La sentenza che condanna "cicciotto e ' mezzanotte", il boss dei casalesi Bidognetti, ha suscitato grande soddisfazione. I telegiornali si sono dati da fare, con titoli e servizi, a mostrare, nell'ordalia dei media, la giusta vendetta contro uno di quelli che ha contribuito ad inquinare ed avvelenare, per gli anni a venire, popolazione, animali ed ambiente. Destinando una parte della Campania felix alla morte.
Eppure, salve rarissime eccezioni, nessuno si è posto una domanda fondamentale: a chi appartengono quei rifiuti? Verranno condannati allo stesso modo coloro che, dei casalesi, si sono serviti per sversare a basso costo (e quindi fare dei profitti sulla pelle altrui) rifiuti tossici in Campania?
Su questo blog qualche giorno fa abbiamo pubblicato alcune intercettazioni di un pentito di camorra relativo alle aziende del nord che hanno approfittato del servizio low cost dei casalesi.
Oggi il Fatto Quotidiano mi ha rinfrescato, giustappunto, la memoria su uno di quegli attori.
L'Acna di Cengio, azienda di coloranti fu assunta a modello per lo smaltimento dei rifiuti. Come modello anche per quei terroni (ricordate il video di Radio Padania per insegnarci a fare la raccolta differenziata) che non erano in grado neanche di smaltire quattro bicchieri di plastica.
Sapete dove sono andati a finire 30 mila e 600 tonnellate di rifiuti tossici dell'Acna di Cengio, tra il 1987 e il 1991? A Giugliano, in Campania, terza città per numero di abitanti. Un inquinamento che perdurerà fino al 2080, col picco nel 2064. Un'intera generazione in fila, sotto alla ghigliottina, in attesa del boia che inevitabilmente taglierà la testa. Un'area quella tra le province di Napoli e Caserta, dove l'incidenza dei tumori ha suscitato l'allarme perfino dell'organizzazione mondiale della sanità (in Italia un ministro della salute,sostenne che questa connessione era da provare e certe malattie avrebbero potuto anche essere causate da cattiva alimentazione!! sic!!)

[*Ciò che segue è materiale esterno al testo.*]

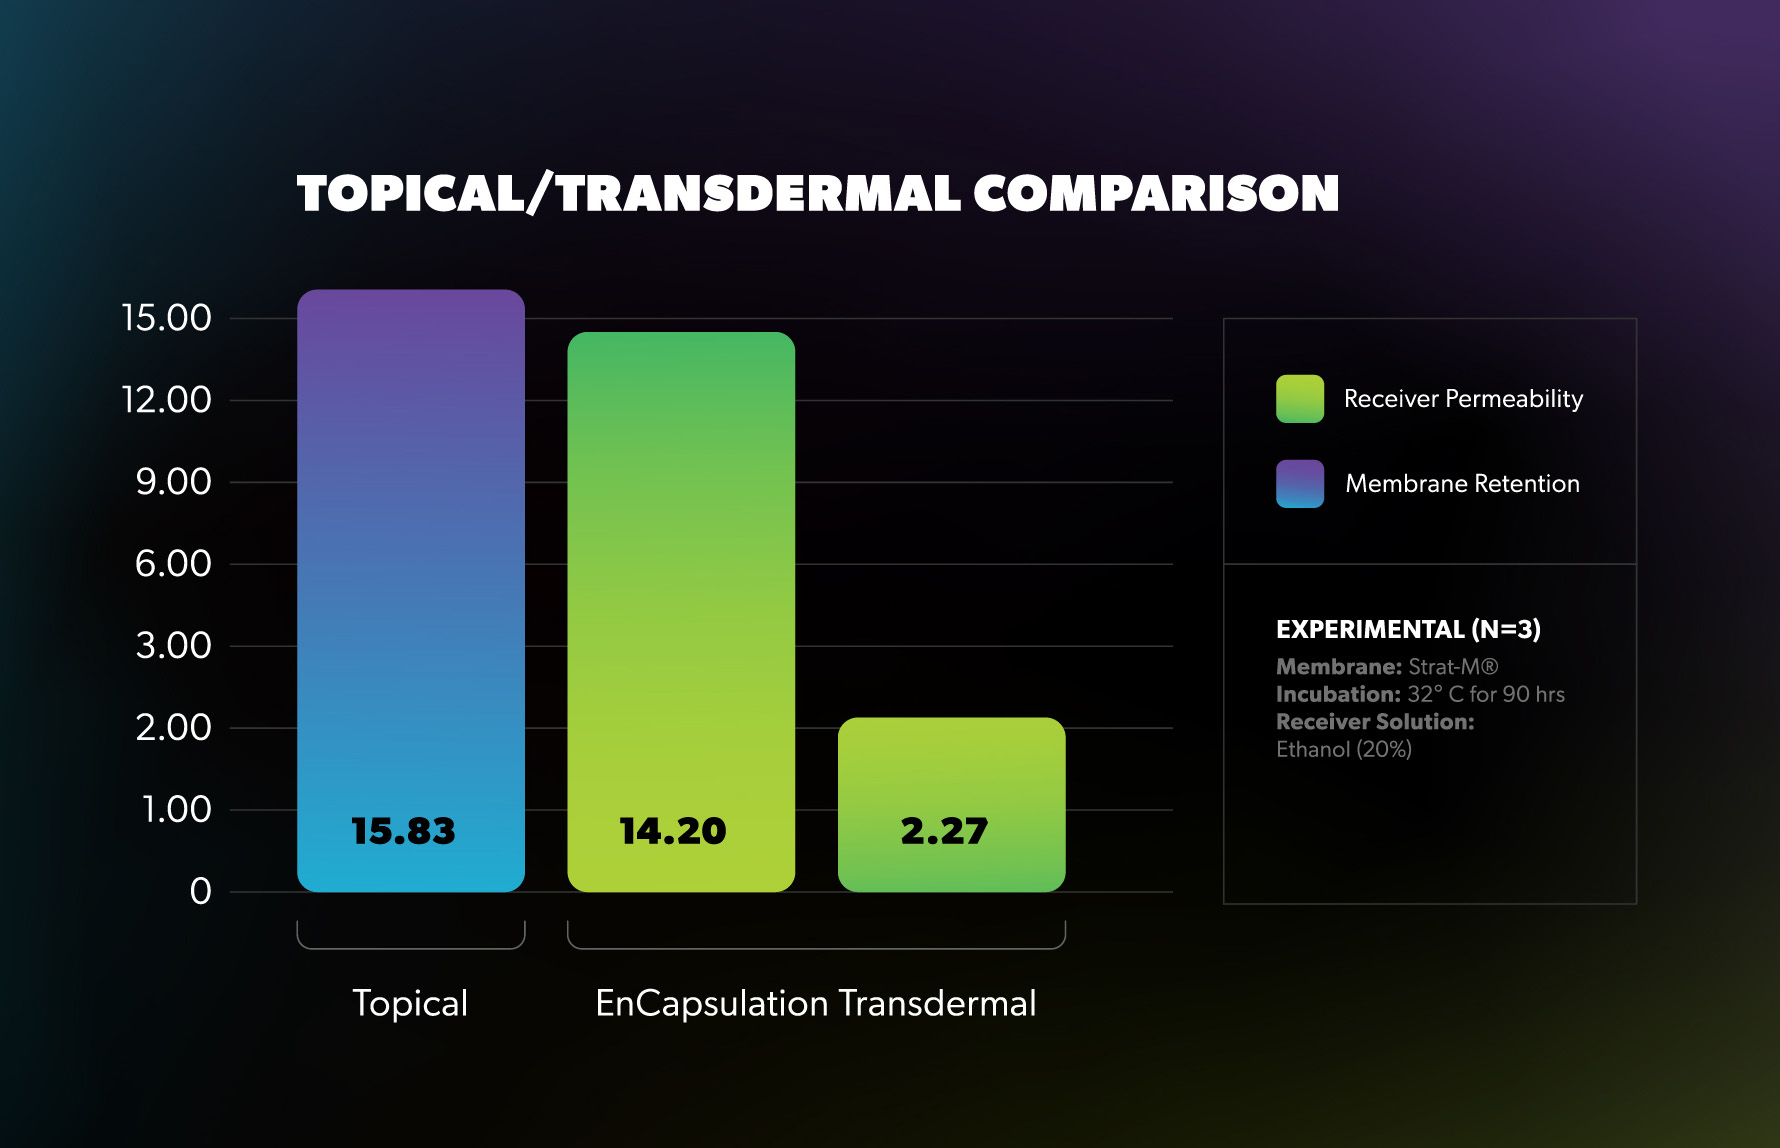 Topical/Transdermal comparison chart
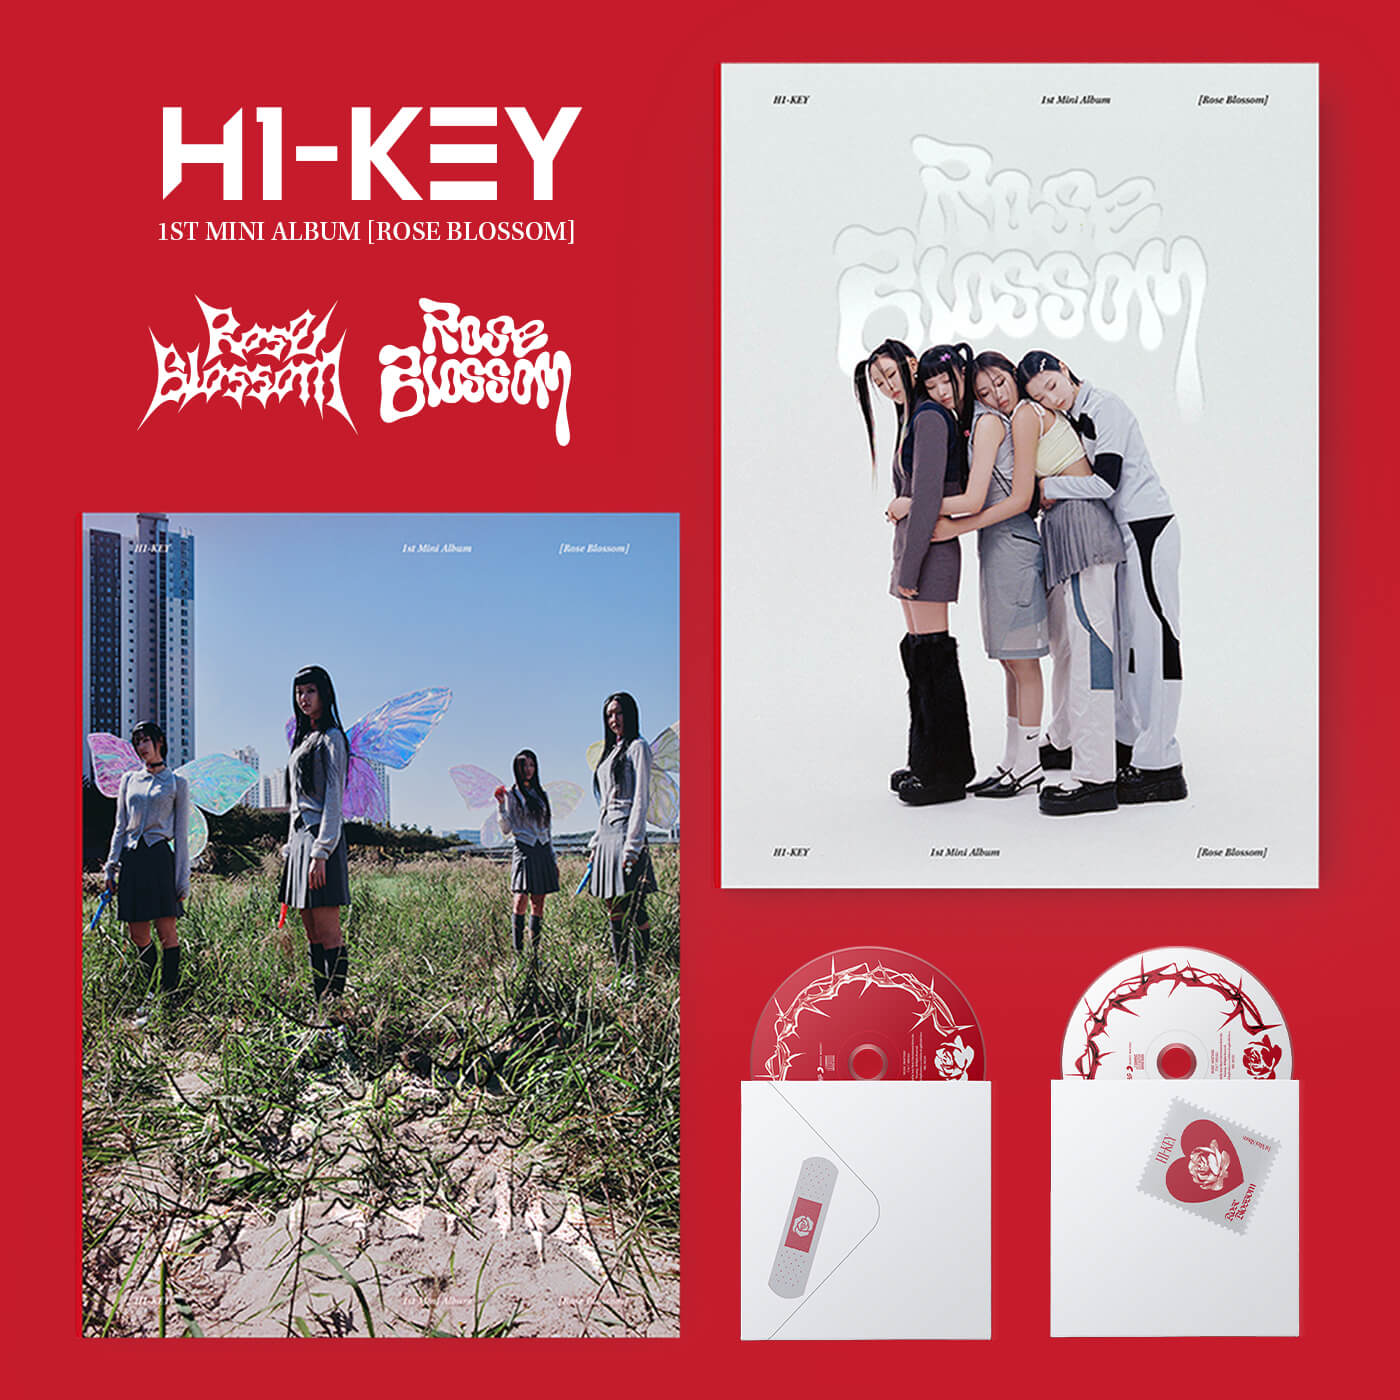 H1-KEY 1st Mini Album Rose Blossom - A / B Version

A ciò si aggiungono 58 mila tonnellate di percolato che stanno penetrando il sottosuolo, inquinando terreni che un tempo erano tra i più fertili e produttivi d'Italia (la provincia di Caserta era chiamata, prima del 1861, "terra di lavoro"). Oltre ai roghi tossici abusivi che seminano diossina in quantità industriali, quotidianamente, nelle medesime zone, in quella che viene definita "la terra dei fuochi".
E mentre il nord operoso è modello di sviluppo per lo smaltimento di rifiuti, a nord di Napoli, si attende una "bonifica" (voi ci credete? io no) che anticipi l'ecatombe.